== Task description ==
Look below for the line containing "Résine D'oiseau Bird", then write out that line and every line after it to the end, exactly, minus the pictures.

== Recorded information ==
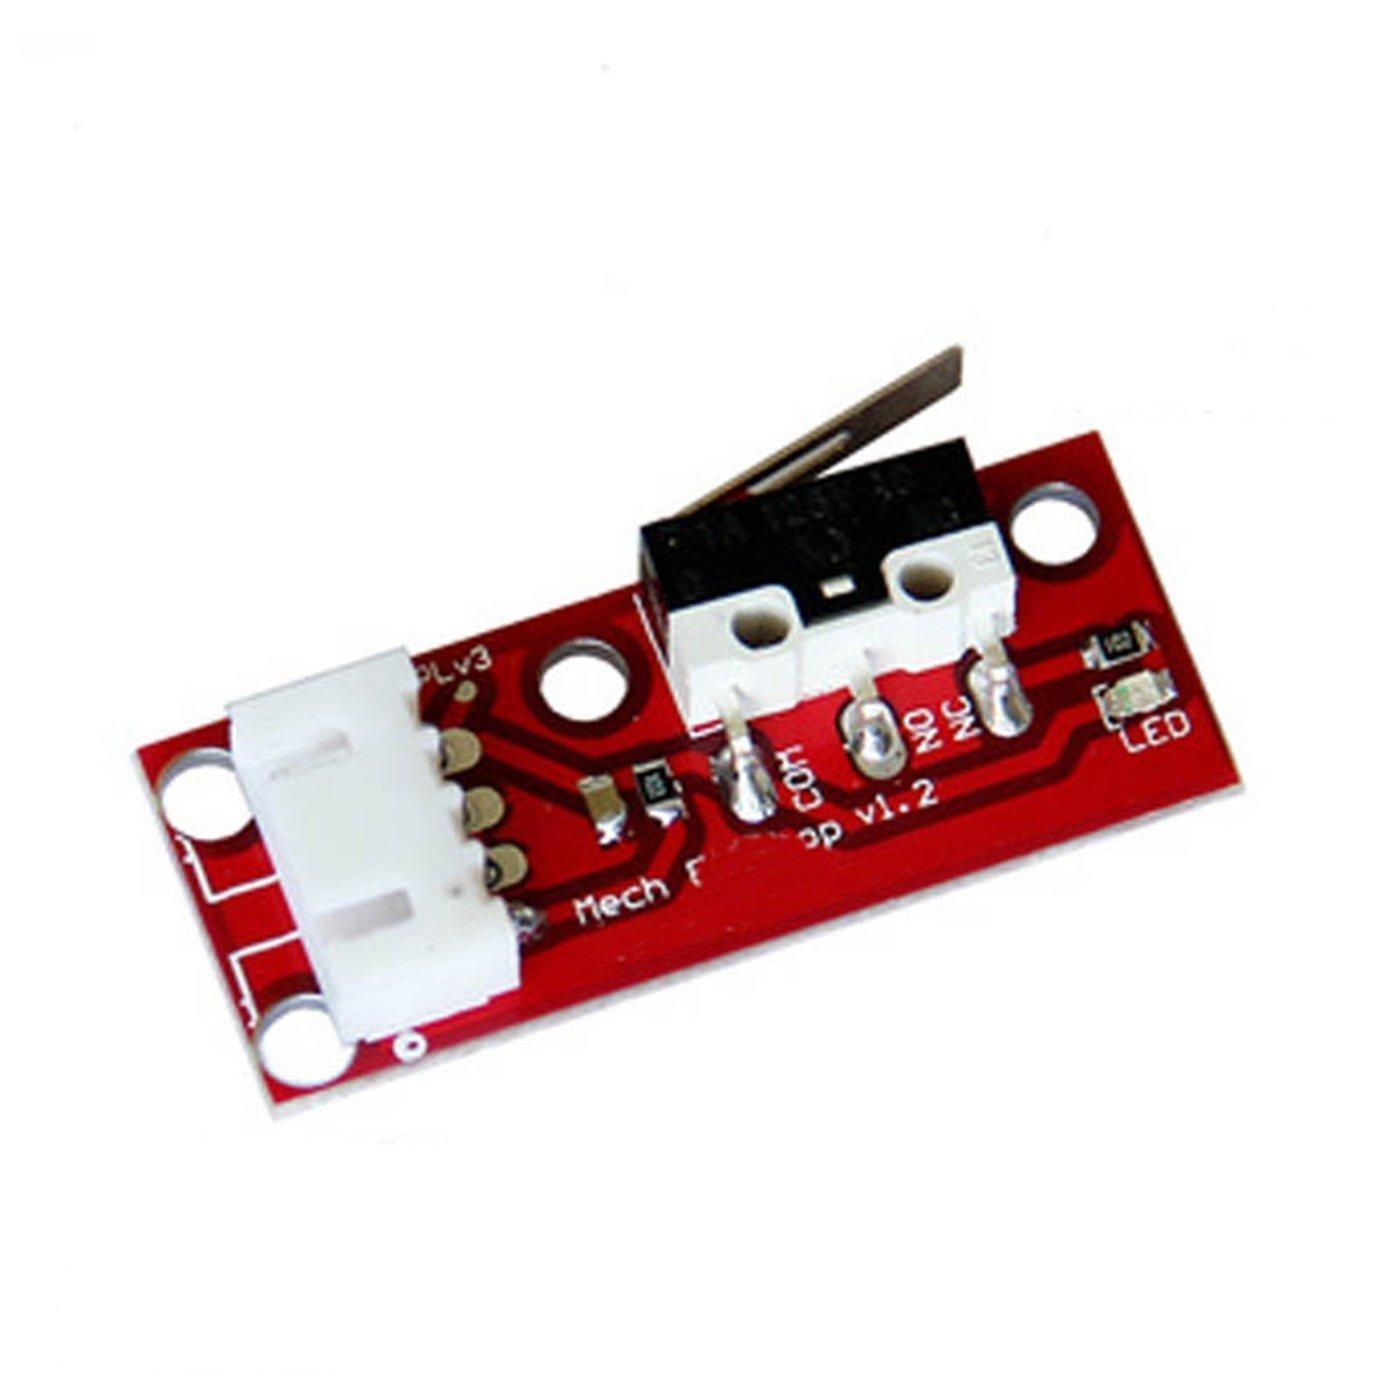 Interruptor de limite mecânico módulo v1.2 fim parar endstop
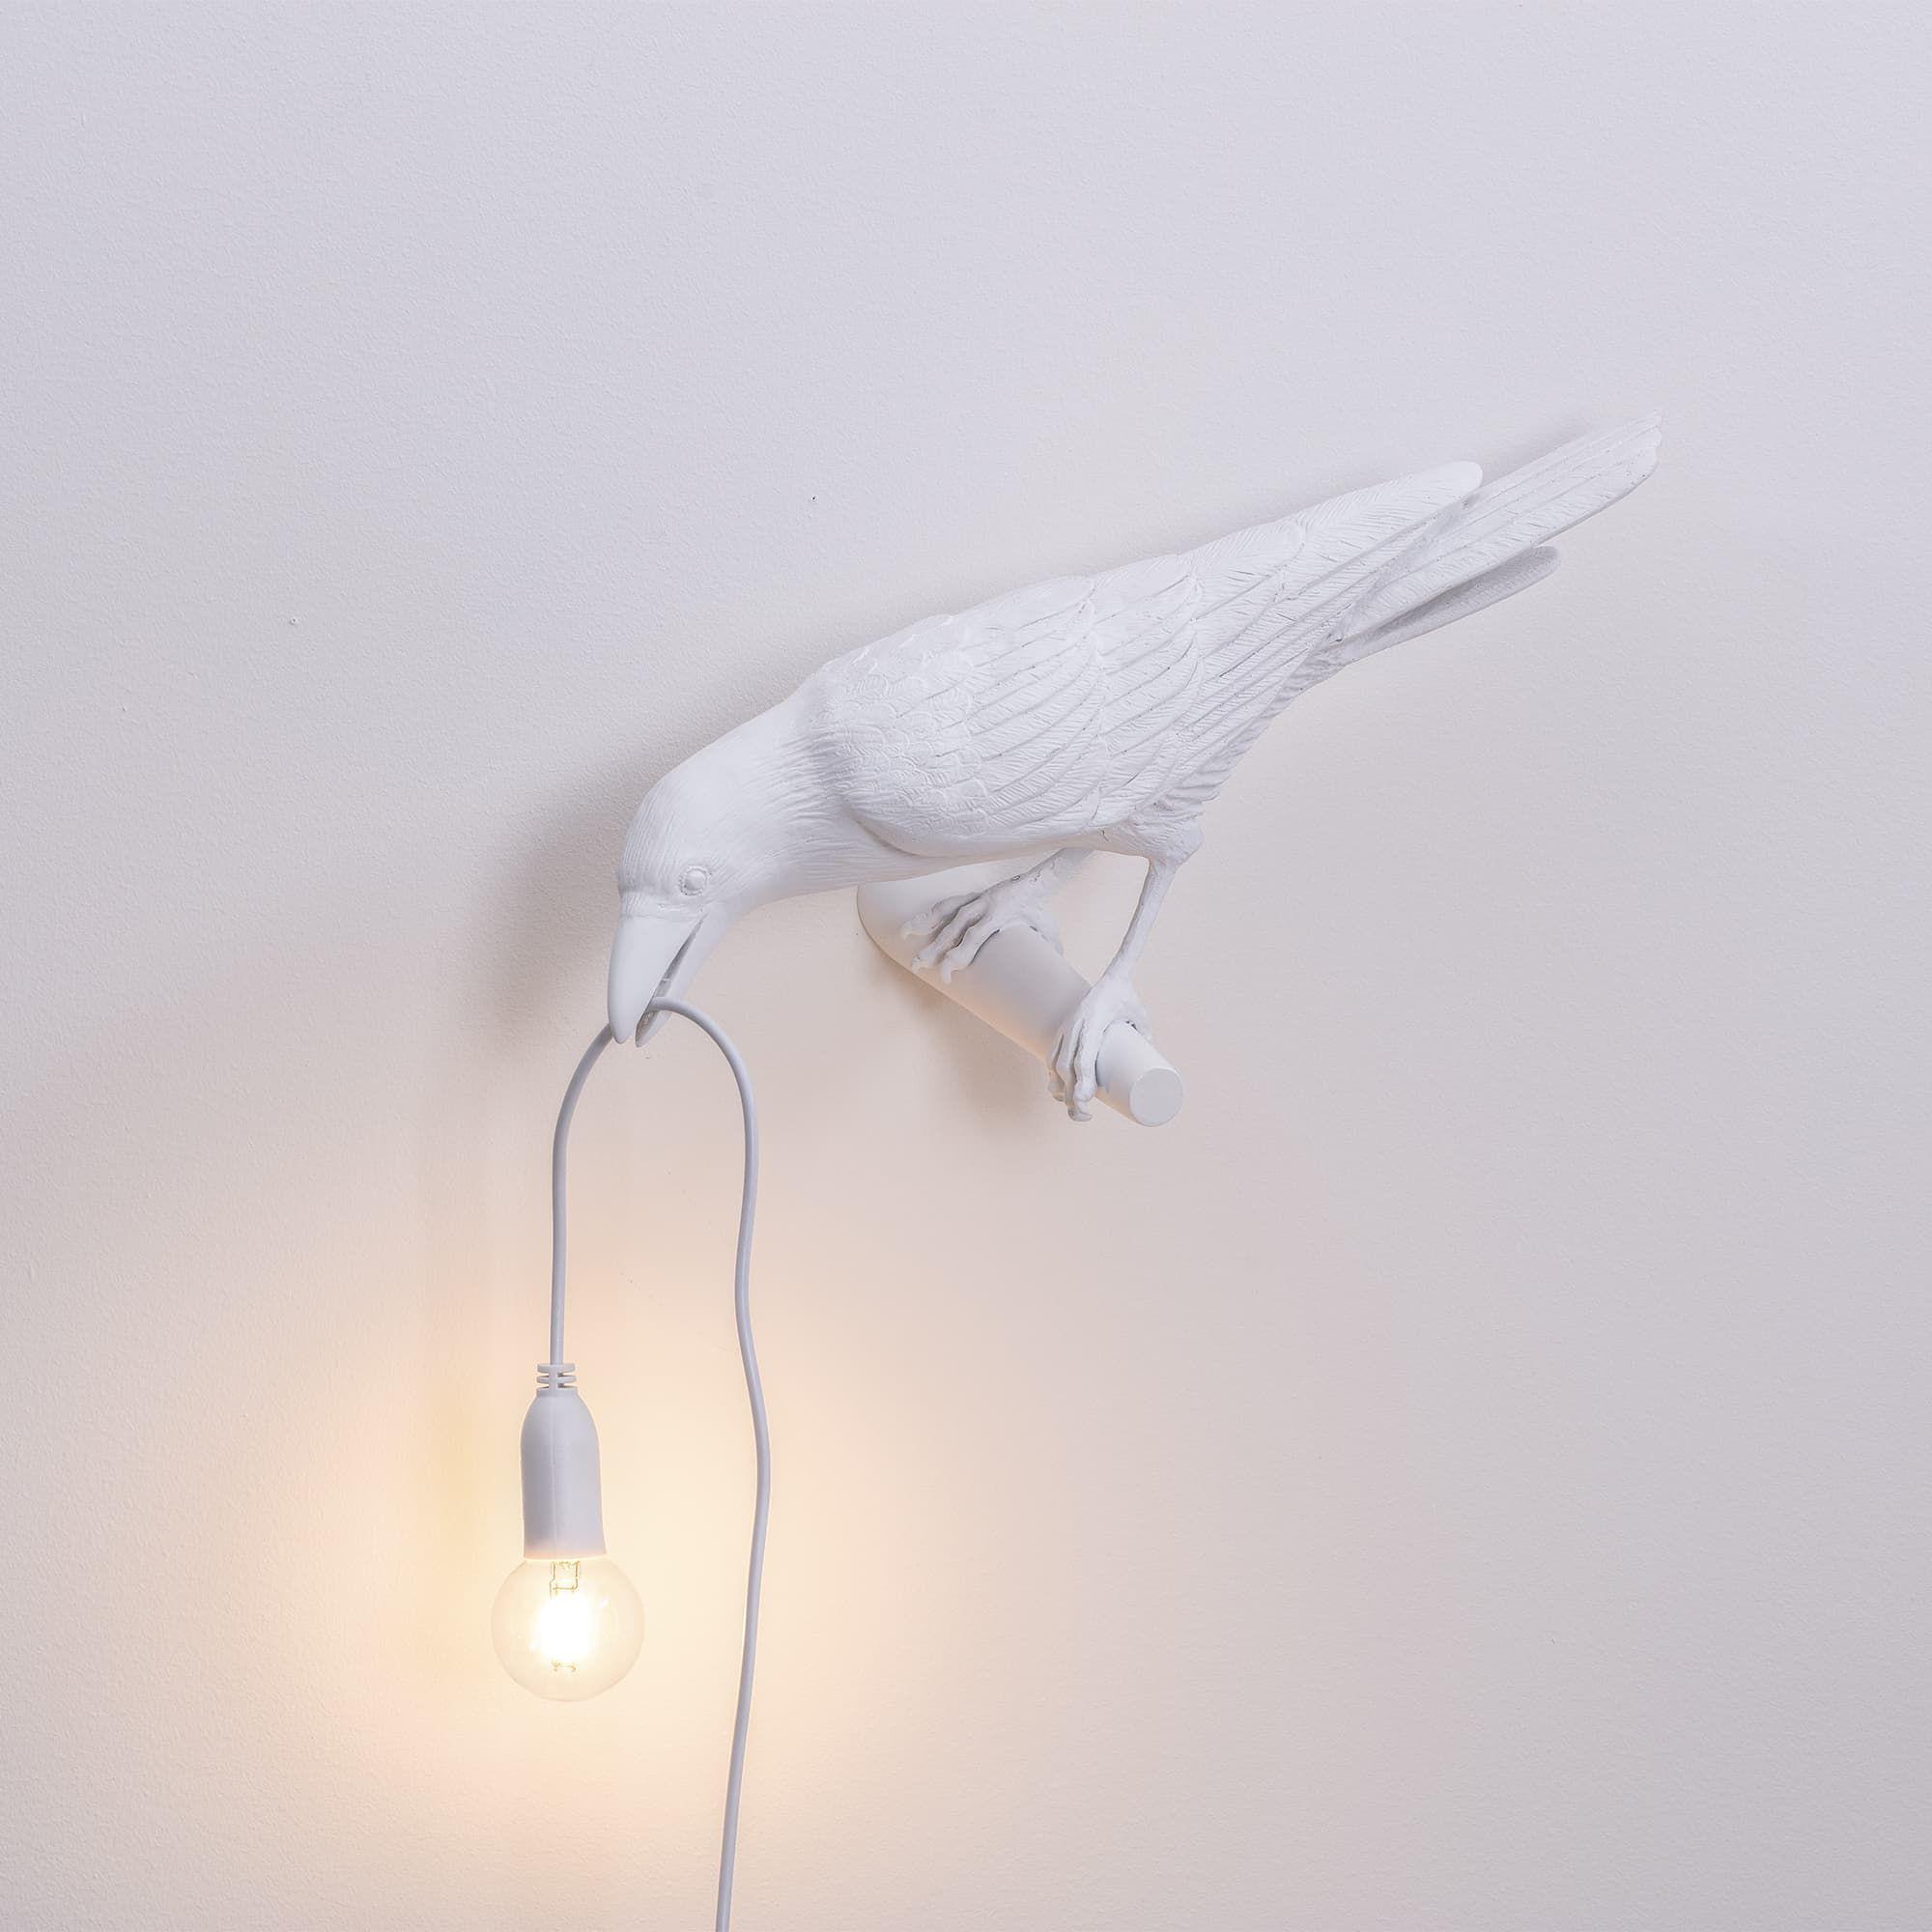 Résine D'oiseau Bird Lamp Forme Applique En Murale Blanc Looking 7yYb6vfg
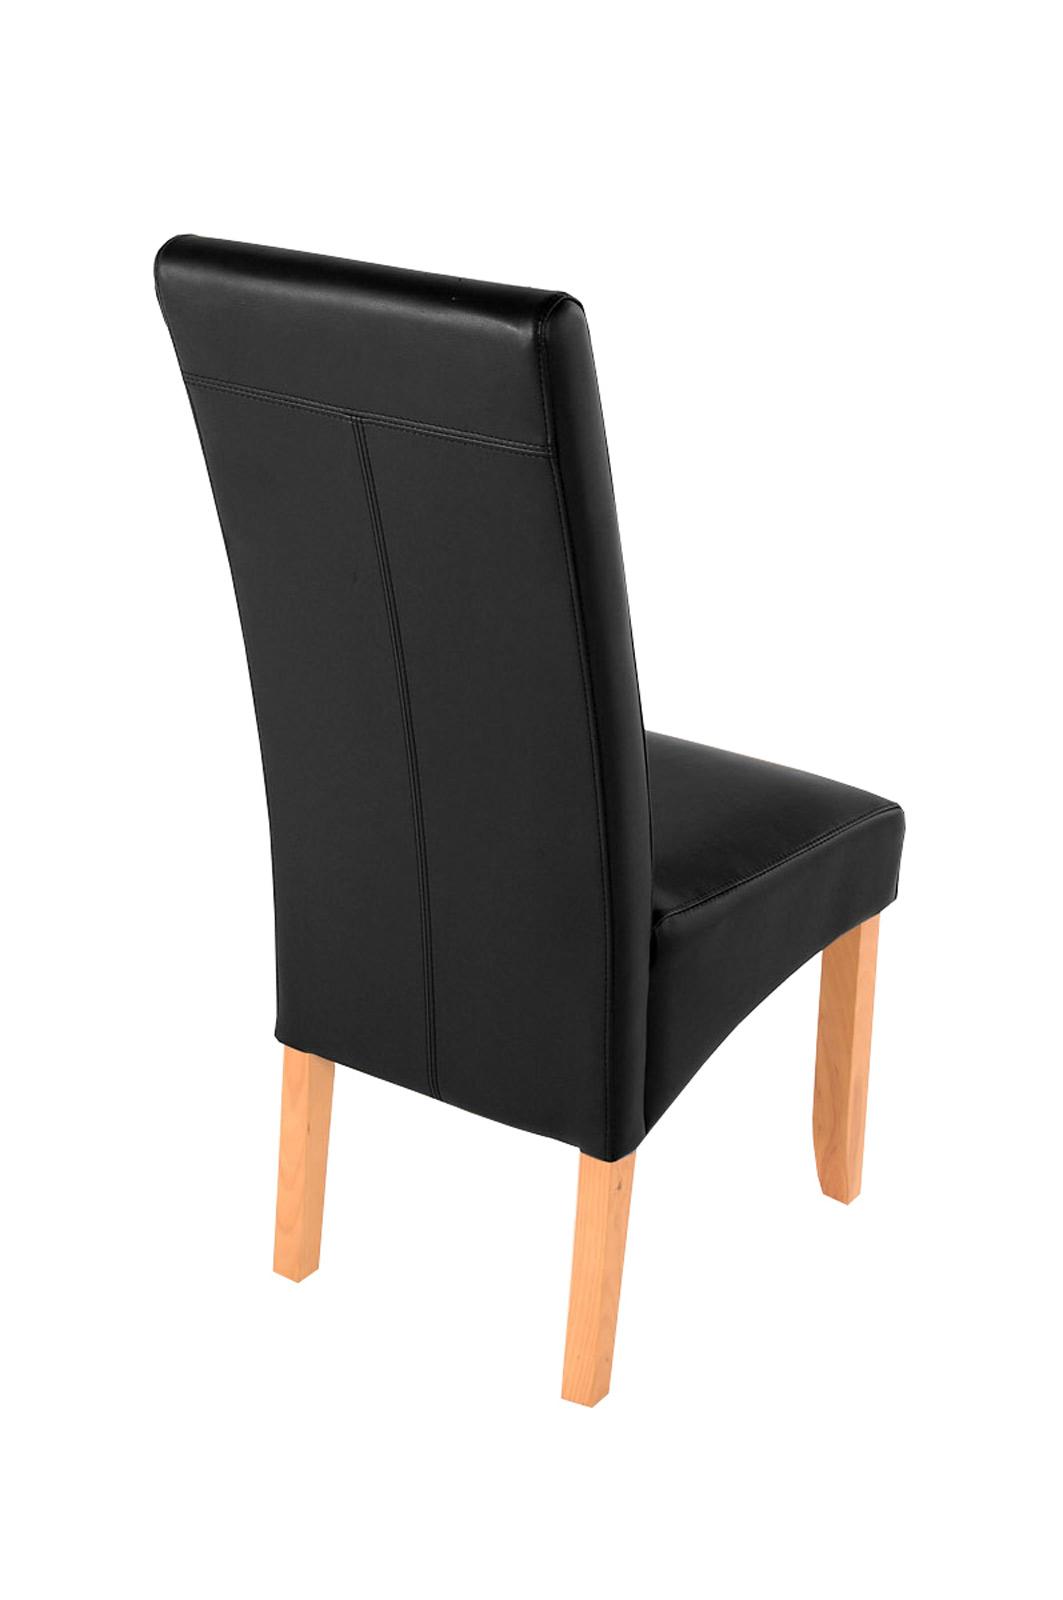 sam esszimmerstuhl stuhl schwarz recyceltes leder sancho demn chst. Black Bedroom Furniture Sets. Home Design Ideas

== Worked solution ==
 Résine D'oiseau Bird Lamp Forme Applique En Murale Blanc Looking 7yYb6vfg
 sam esszimmerstuhl stuhl schwarz recyceltes leder sancho demn chst. Black Bedroom Furniture Sets. Home Design Ideas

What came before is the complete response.